CRPS can sometimes be cured in the early stages with physical therapy, sympathetic nervous system blocks and medication. The longer it remains untreated, however, the less likely the chances of reversing the symptoms. Recognition and treatment should take place as early as possible in the course of the syndrome, but the most important treatment at any stage of CRPS is physical therapy to assist with pain control and to preserve function.
5. How is cancer pain different from chronic pain?
Cancer pain is different from other types of pain for several reasons, and there are special considerations that pain management specialists need to be aware of with cancer patients. Pain associated with cancer can actually arise from many different causes. A tumor can be painful and as it spreads, it can injure other tissues, causing increased pain. Bone pain in particular can be especially severe. Cancer can also affect nerves, resulting in the shooting, burning, or aching characteristics of neuropathic pain. There can be pain associated with some cancer treatments such as chemotherapy, radiation, or surgery. Complications from cancer such as infection, bone fractures or even bruises from multiple intravenous lines can cause additional pain. In addition, weakness and fatigue (which may occur with chemotherapy) may make any type of pain worse, and this can be especially true for cancer patients.

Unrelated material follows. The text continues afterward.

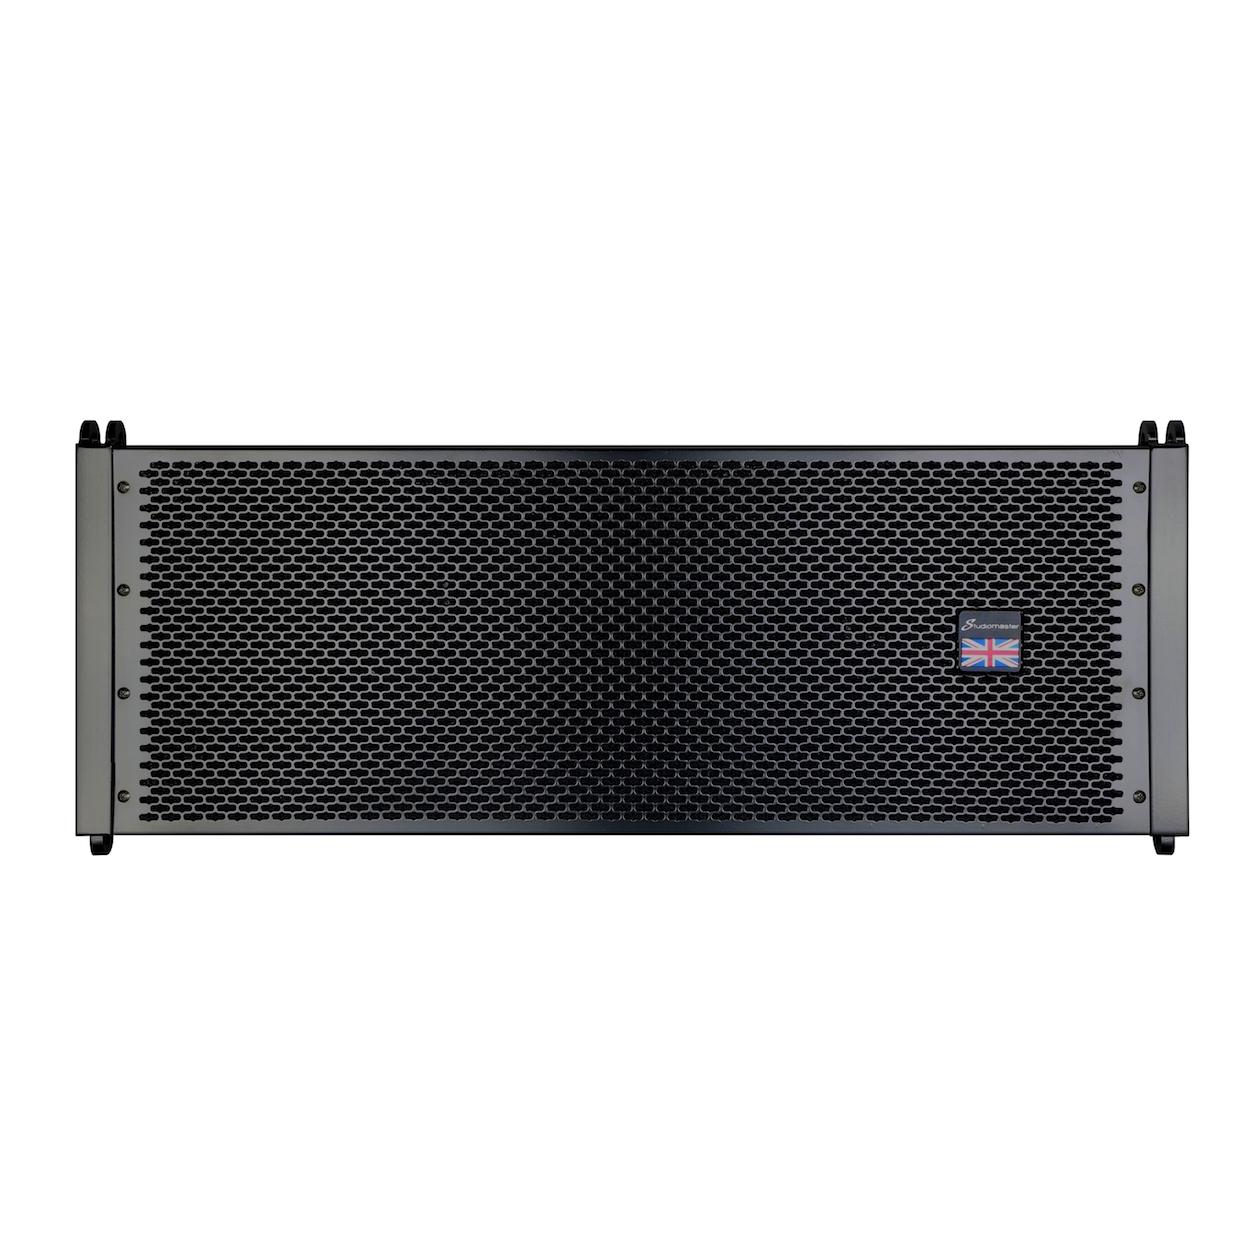 Studiomaster V10 line array front view

Unlike many chronic pain syndromes, cancer pain will often progress, sometimes rapidly, so treatment has to be adjusted frequently, and opioids (like morphine) may need to be prescribed at higher and higher doses. Unfortunately, patients may develop tolerance to these pain medications, making them less effective at the same time that their pain is increasing. When this happens, interventional techniques such as spinal pain pumps or destroying pain nerves may offer significant relief for some cancer patients while allowing the dosage of pain medicines to be lowered. This in turn can help avoid the side effects of opioid medicines, such as sedation or confusion. Ultimately, the pain specialist and primary care physician should work as a team to not only control pain but also help patients maintain dignity, quality of life and the ability to be with family and friends.